Re: Using JDBC IO read transform, running out of memory on DataflowRunner.

2017-11-30 Thread Chet Aldrich
Hey Eugene, 

Thanks for this, didn’t realize this was a parameter I could tune. Fixed my 
problems straight away. 

Chet

> On Nov 29, 2017, at 2:14 PM, Eugene Kirpichov  wrote:
> 
> Hi,
> I think you're hitting something that can be fixed by configuring Redshift 
> driver:
> http://docs.aws.amazon.com/redshift/latest/dg/queries-troubleshooting.html#set-the-JDBC-fetch-size-parameter
>  
> 
> By default, the JDBC driver collects all the results for a query at one time. 
> As a result, when you attempt to retrieve a large result set over a JDBC 
> connection, you might encounter a client-side out-of-memory error. To enable 
> your client to retrieve result sets in batches instead of in a single 
> all-or-nothing fetch, set the JDBC fetch size parameter in your client 
> application.
> 
> On Wed, Nov 29, 2017 at 1:41 PM Chet Aldrich  > wrote:
> Hey all, 
> 
> I’m running a Dataflow job that uses the JDBC IO transform to pull in a bunch 
> of data (20mm rows, for reference) from Redshift, and I’m noticing that I’m 
> getting an OutofMemoryError on the Dataflow workers once I reach around 4mm 
> rows. 
> 
> It seems like given the code that I’m reading inside JDBC IO and the guide 
> here 
> (https://beam.apache.org/documentation/io/authoring-overview/#read-transforms 
> )
>  that it’s just pulling the data in from the result one-by-one and the 
> emitting each output. Considering that this is sort of a limitation of the 
> driver, this makes sense, but is there a way I can get around the memory 
> limitation somehow? It seems like Dataflow repeatedly tries to create more 
> workers to handle the work, but it can’t, which is part of the problem. 
> 
> If more info is needed in order to help me sort out what I could do to not 
> run into the memory limitations I’m happy to provide it. 
> 
> 
> Thanks,
> 
> Chet 



Re: Using JDBC IO read transform, running out of memory on DataflowRunner.

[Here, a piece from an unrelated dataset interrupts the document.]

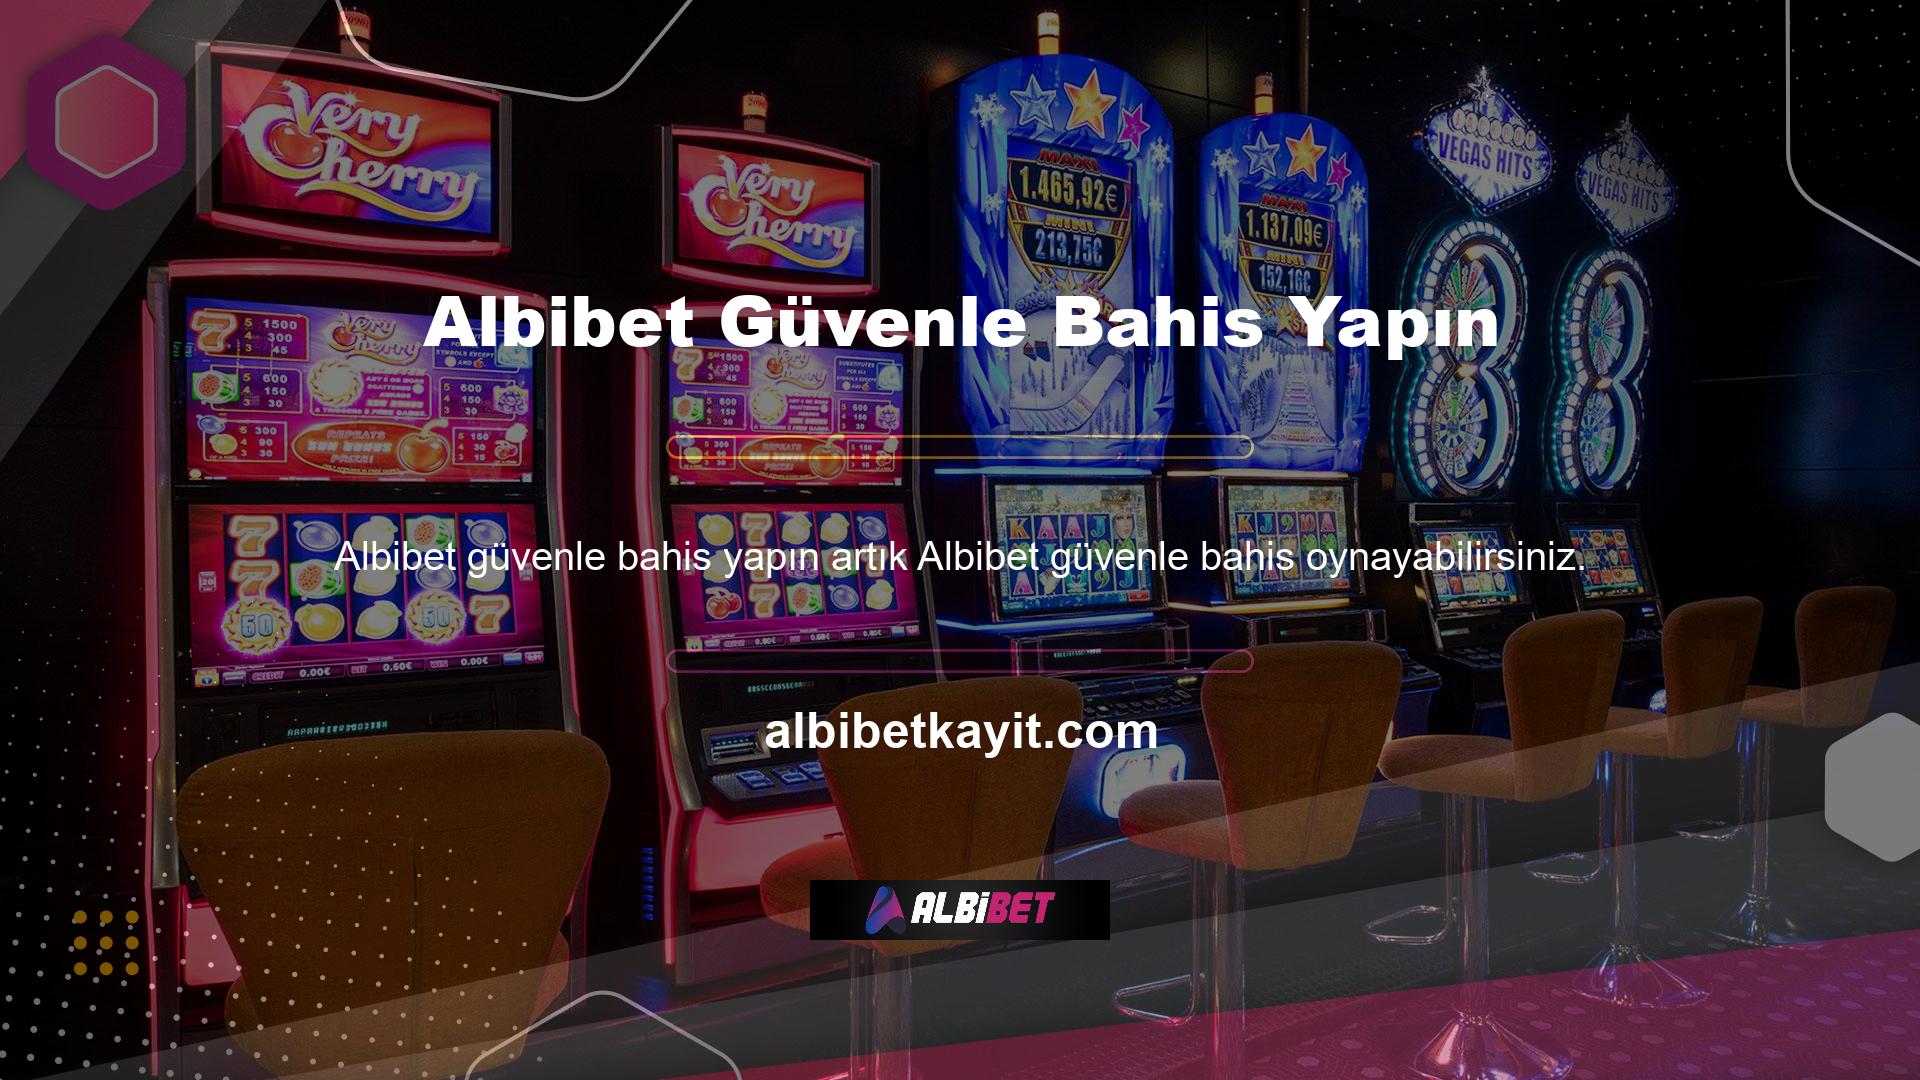 Albibet bu fırsatı uzun süredir Türk canlı casino ve bahisçilere sunmakta ve alanında lider konumunu korumaktadır

2017-11-29 Thread Eugene Kirpichov
Hi,
I think you're hitting something that can be fixed by configuring Redshift
driver:
http://docs.aws.amazon.com/redshift/latest/dg/queries-troubleshooting.html#set-the-JDBC-fetch-size-parameter
*By default, the JDBC driver collects all the results for a query at one
time. As a result, when you attempt to retrieve a large result set over a
JDBC connection, you might encounter a client-side out-of-memory error. To
enable your client to retrieve result sets in batches instead of in a
single all-or-nothing fetch, set the JDBC fetch size parameter in your
client application.*

On Wed, Nov 29, 2017 at 1:41 PM Chet Aldrich 
wrote:

> Hey all,
>
> I’m running a Dataflow job that uses the JDBC IO transform to pull in a
> bunch of data (20mm rows, for reference) from Redshift, and I’m noticing
> that I’m getting an OutofMemoryError on the Dataflow workers once I reach
> around 4mm rows.
>
> It seems like given the code that I’m reading inside JDBC IO and the guide
> here (
> https://beam.apache.org/documentation/io/authoring-overview/#read-transforms)
> that it’s just pulling the data in from the result one-by-one and the
> emitting each output. Considering that this is sort of a limitation of the
> driver, this makes sense, but is there a way I can get around the memory
> limitation somehow? It seems like Dataflow repeatedly tries to create more
> workers to handle the work, but it can’t, which is part of the problem.
>
> If more info is needed in order to help me sort out what I could do to not
> run into the memory limitations I’m happy to provide it.
>
>
> Thanks,
>
> Chet
>


Using JDBC IO read transform, running out of memory on DataflowRunner.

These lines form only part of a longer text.